**EXERCISE AIM:**
Drop the pictures; give again exactly the lines from the one holding "SanDisk Ultra Dual" through the end of the data.

**DATASET CONTENT:**
______
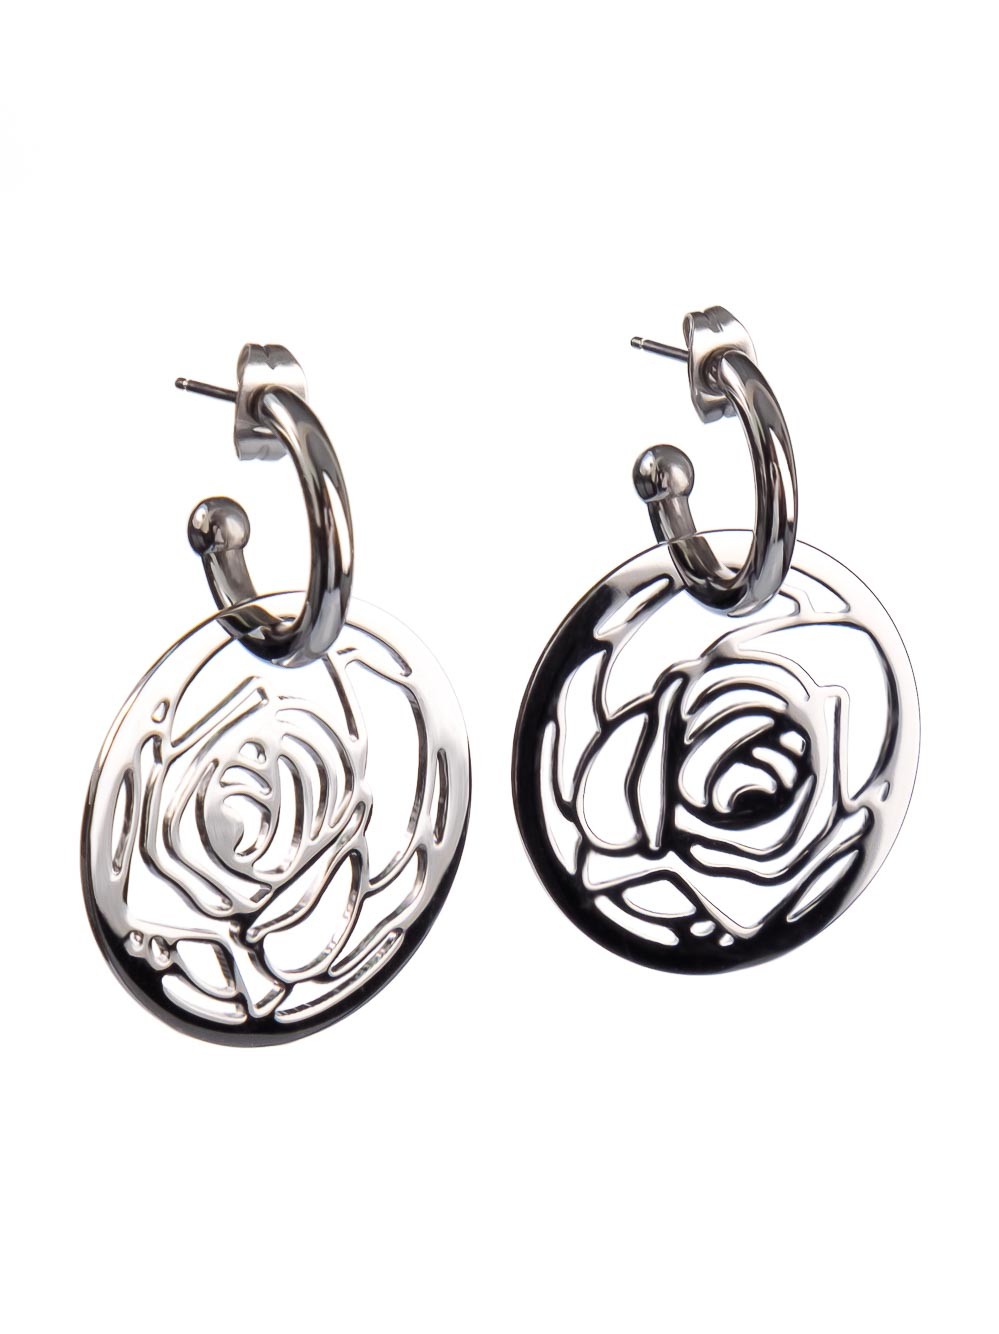 CREOLE DARLING ROSE - Bettencourt Creative Jewellery
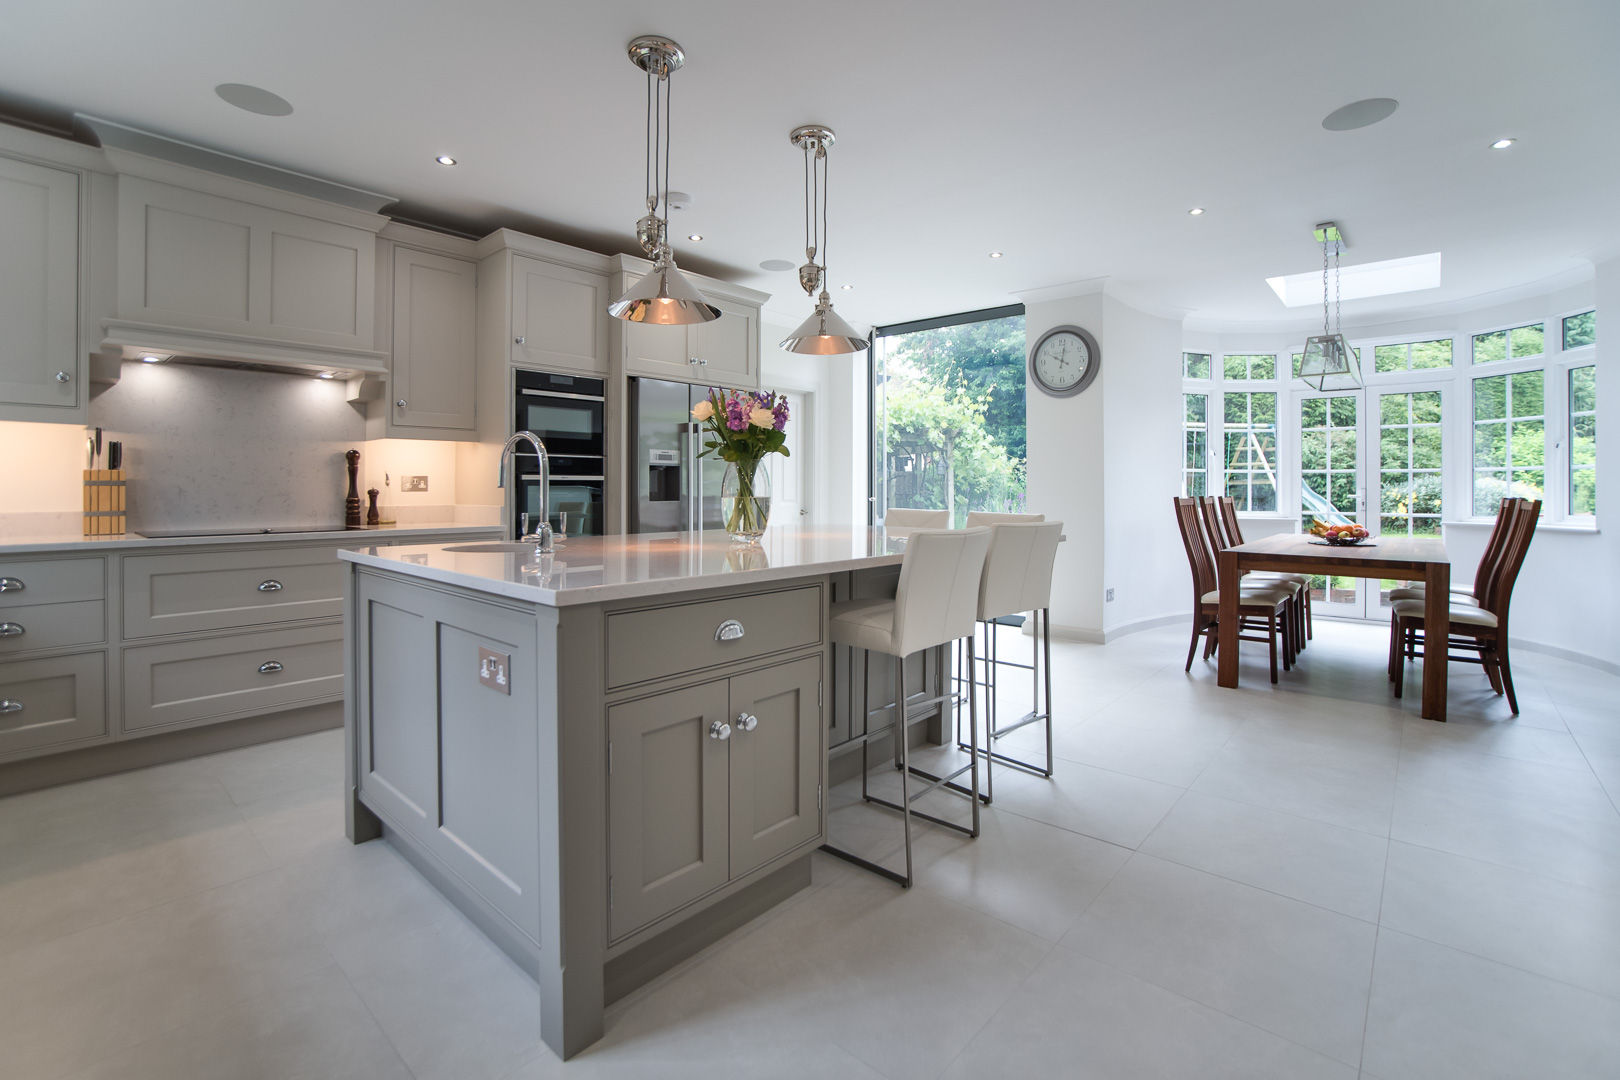 Beautiful bespoke kitchen in Hertfordshire by John Ladbury John Ladbury and Company مطبخ modern,bespoke,minimalist
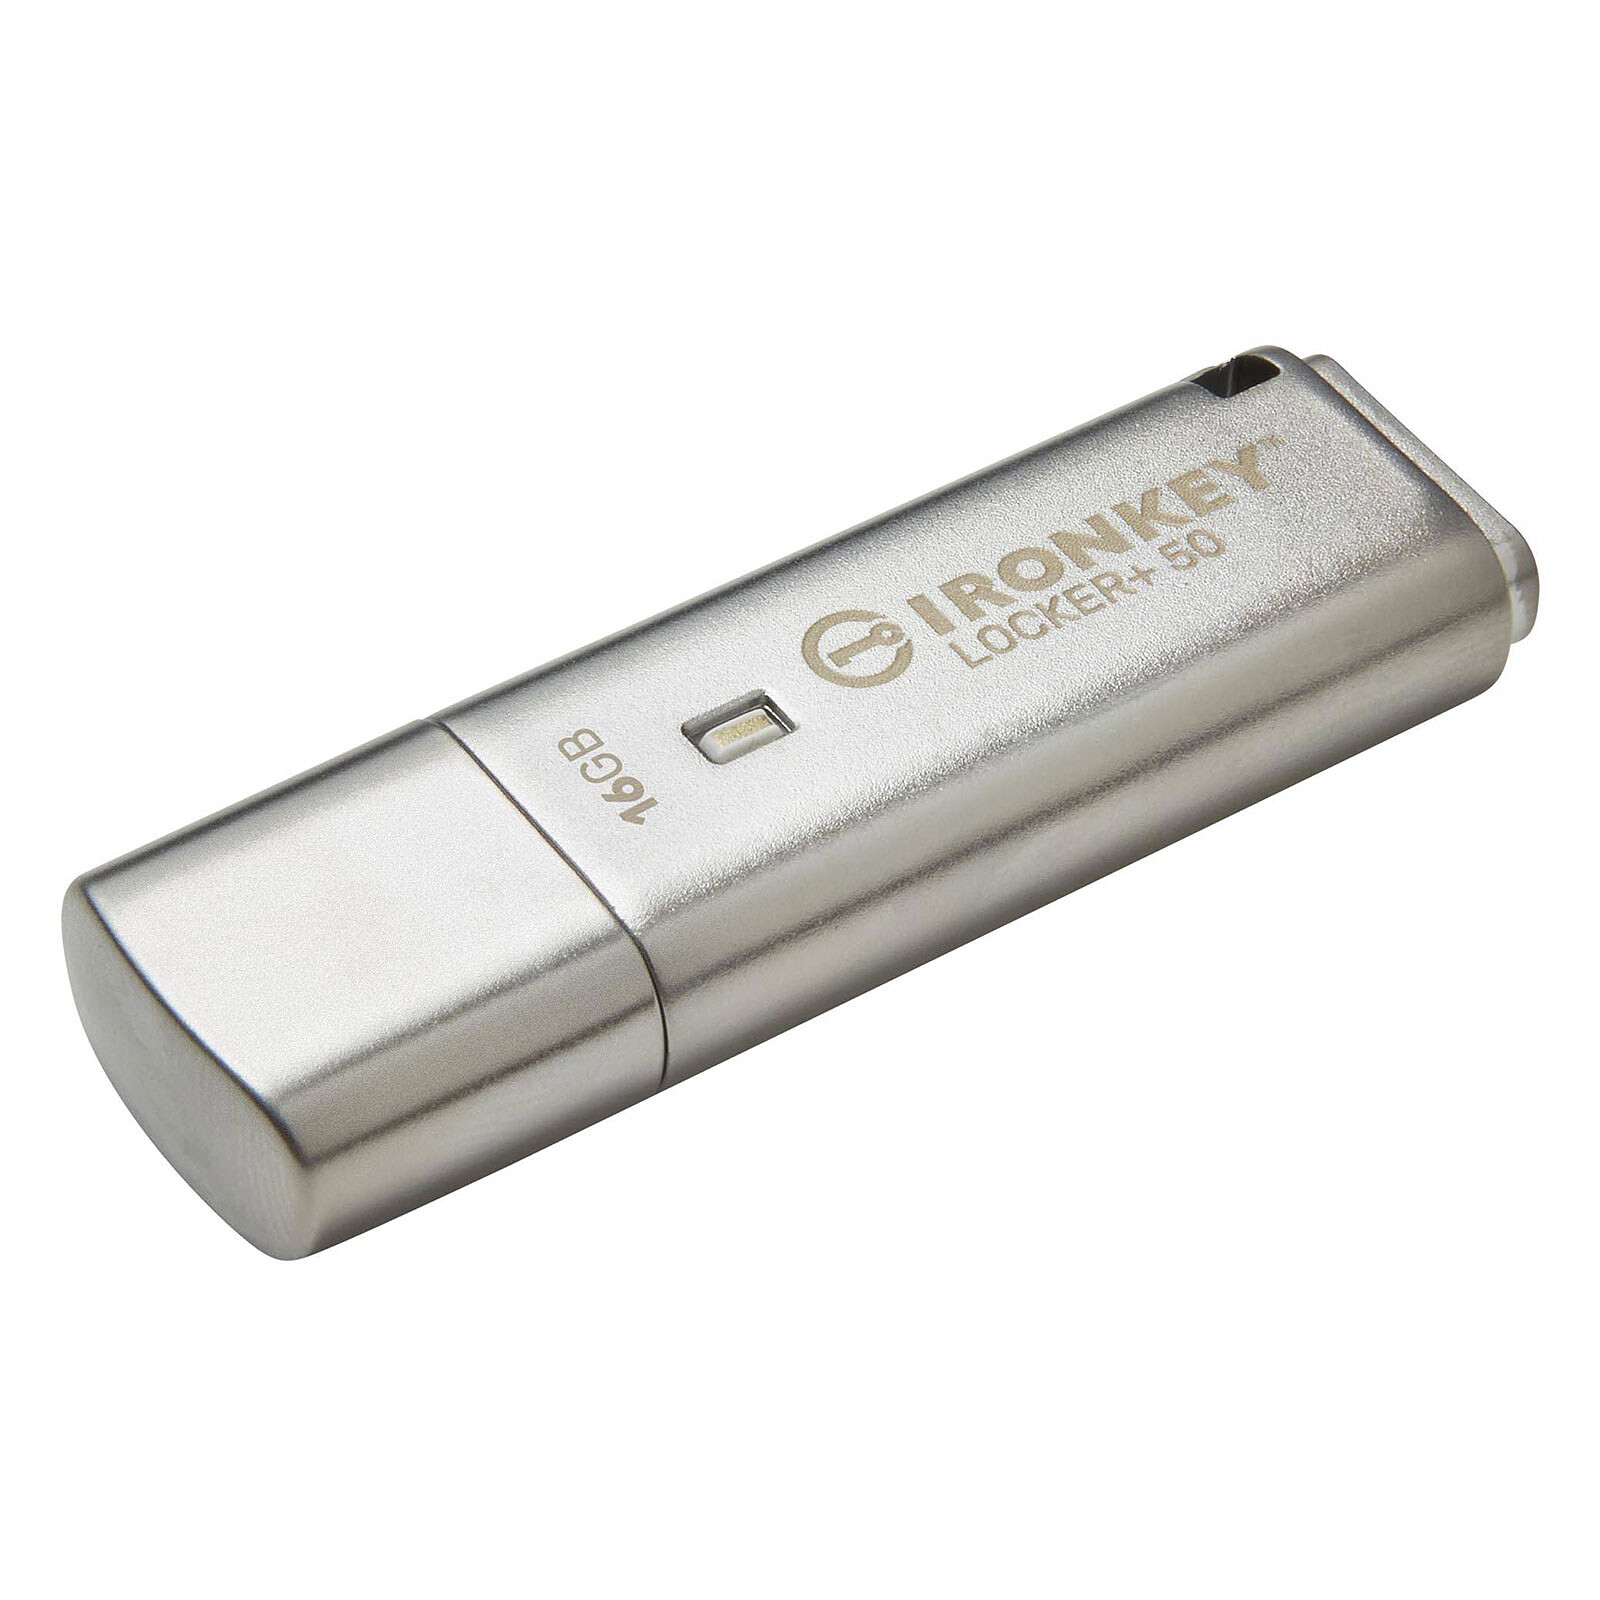 SanDisk Ultra Dual Drive Luxe USB-C 256 GB - Memoria USB - LDLC
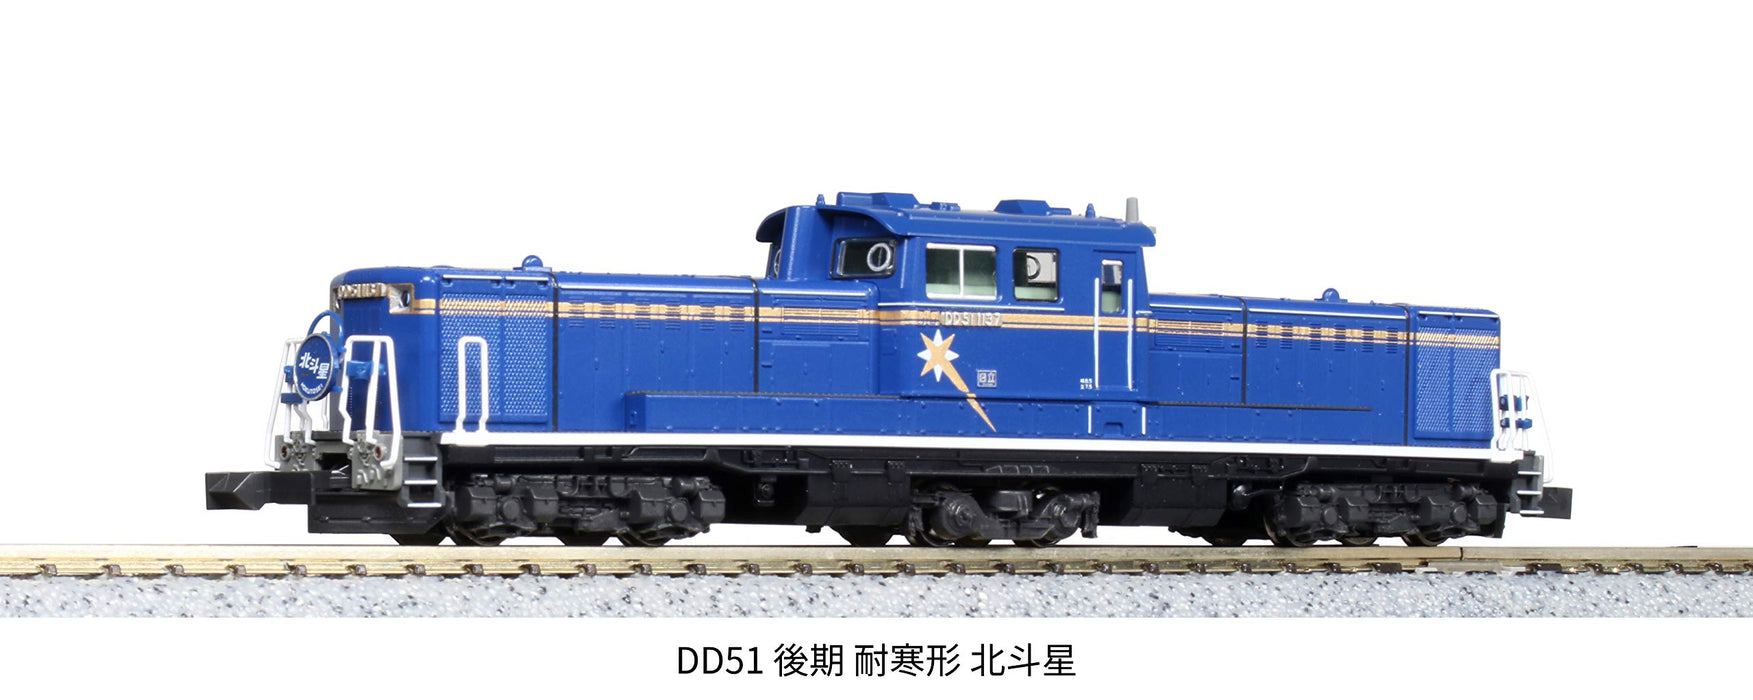 Kato N Gauge Dd51 7008-F Electric Locomotive
______
**ANSWER AREA:**
 SanDisk Ultra Dual Drive Luxe USB-C 256 GB - Memoria USB - LDLC
 Kato N Gauge Dd51 7008-F Electric Locomotive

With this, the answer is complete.